Change parser state only after .await points to prevent state corruption by Mingun · Pull Request #935 · tafia/quick-xml

Mingun · 2026-02-12T19:07:14Z

See explanation in #624 (comment)

Unfortunately, I cannot create stable test for this, so this bugfix without tests.

…t state corruption after canceling of async reading

Mingun · 2026-02-12T19:16:00Z

Failing Fuzzing pipeline is due to google/oss-fuzz#14945

codecov-commenter · 2026-02-12T19:20:03Z

⚠️ Please install the to ensure uploads and comments are reliably processed by Codecov.

Codecov Report

✅ All modified and coverable lines are covered by tests.
✅ Project coverage is 54.98%. Comparing base (d1acdb5) to head (a765dca).
⚠️ Report is 33 commits behind head on master.
❗ Your organization needs to install the Codecov GitHub app to enable full functionality.
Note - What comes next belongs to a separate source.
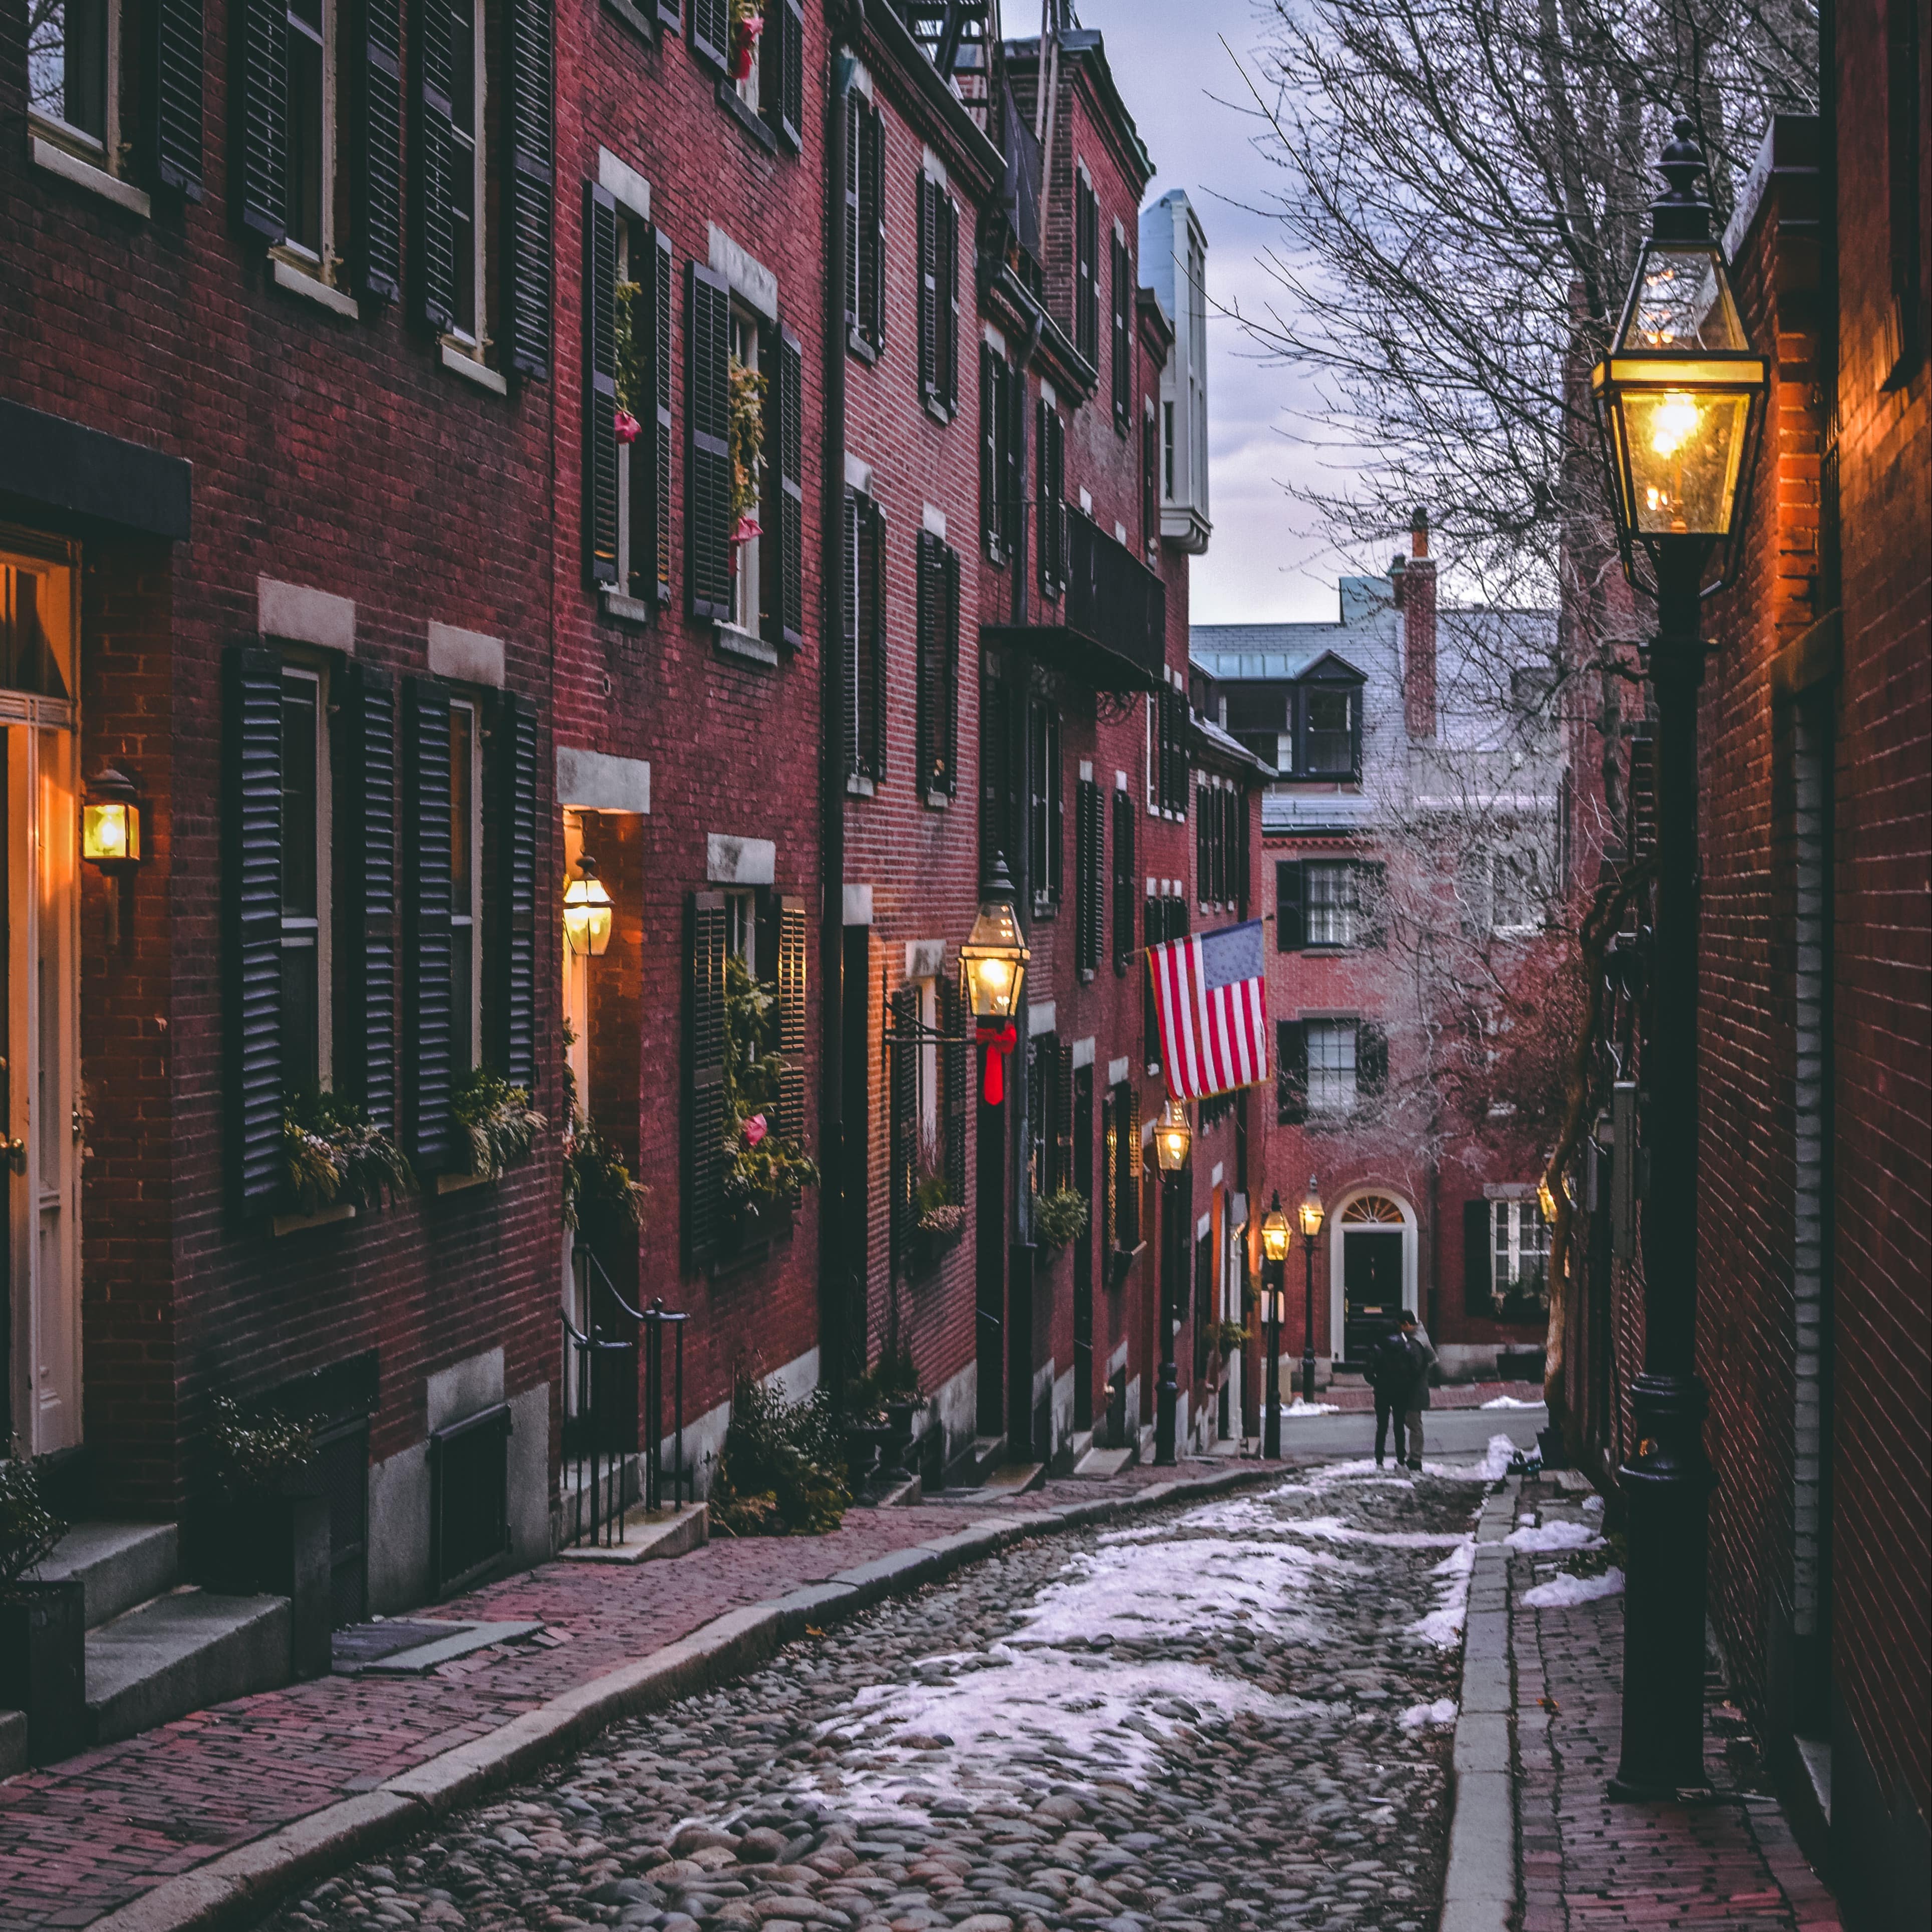 A cobblestone street lined with brick buildings in Boston, MA

Additional details and impacted files

@@            Coverage Diff             @@
##           master     #935      +/-   ##
==========================================
- Coverage   58.08%   54.98%   -3.11%     
==========================================
  Files          42       44       +2     
  Lines       15513    16776    +1263     
==========================================
+ Hits         9011     9224     +213     
- Misses       6502     7552    +1050

Flag	Coverage Δ
unittests	`54.98% <ø> (-3.11%)`	⬇️

Flags with carried forward coverage won't be shown. Click here to find out more.

☔ View full report in Codecov by Sentry.
📢 Have feedback on the report? Share it here.

🚀 New features to boost your workflow:

❄️ Test Analytics: Detect flaky tests, report on failures, and find test suite problems.

Mingun · 2026-02-13T06:30:34Z

After reflection, I think that still this PR does not fix the problem. It is that we do not save the state of the parser between .await points. Thus, if an interruption occurred at this point, we could read some piece of data from AsyncRead to the buffer, but we do not reflect that in our ParseState -- each variant hold the information only about that we in start of the next event, but not that we inside it.

I was already working on rewriting the parser in the style of "reading to the buffer separately, then feed the read piece to the parser" and suddenly this work became relevant to fix this problem. Parser will maintain state after consuming piece of data, so we will never lost it.

So I mark this a draft for now.

adamreichold · 2026-02-13T07:08:29Z

I was already working on rewriting the parser in the style of "reading to the buffer separately, then feed the read piece to the parser" and suddenly this work became relevant to fix this problem.

Sorry for the random tangent: Did you consider using async instead of manual state machines to write your parsers? I think this could very much simplify them, basing them off an async trait like AsyncBufRead and keeping the code in a much more readable recursive descent parser style with the compiler building those state machines for you. (Sync usage would then just need a little shim executor to reimplement the current "feed" style interface.)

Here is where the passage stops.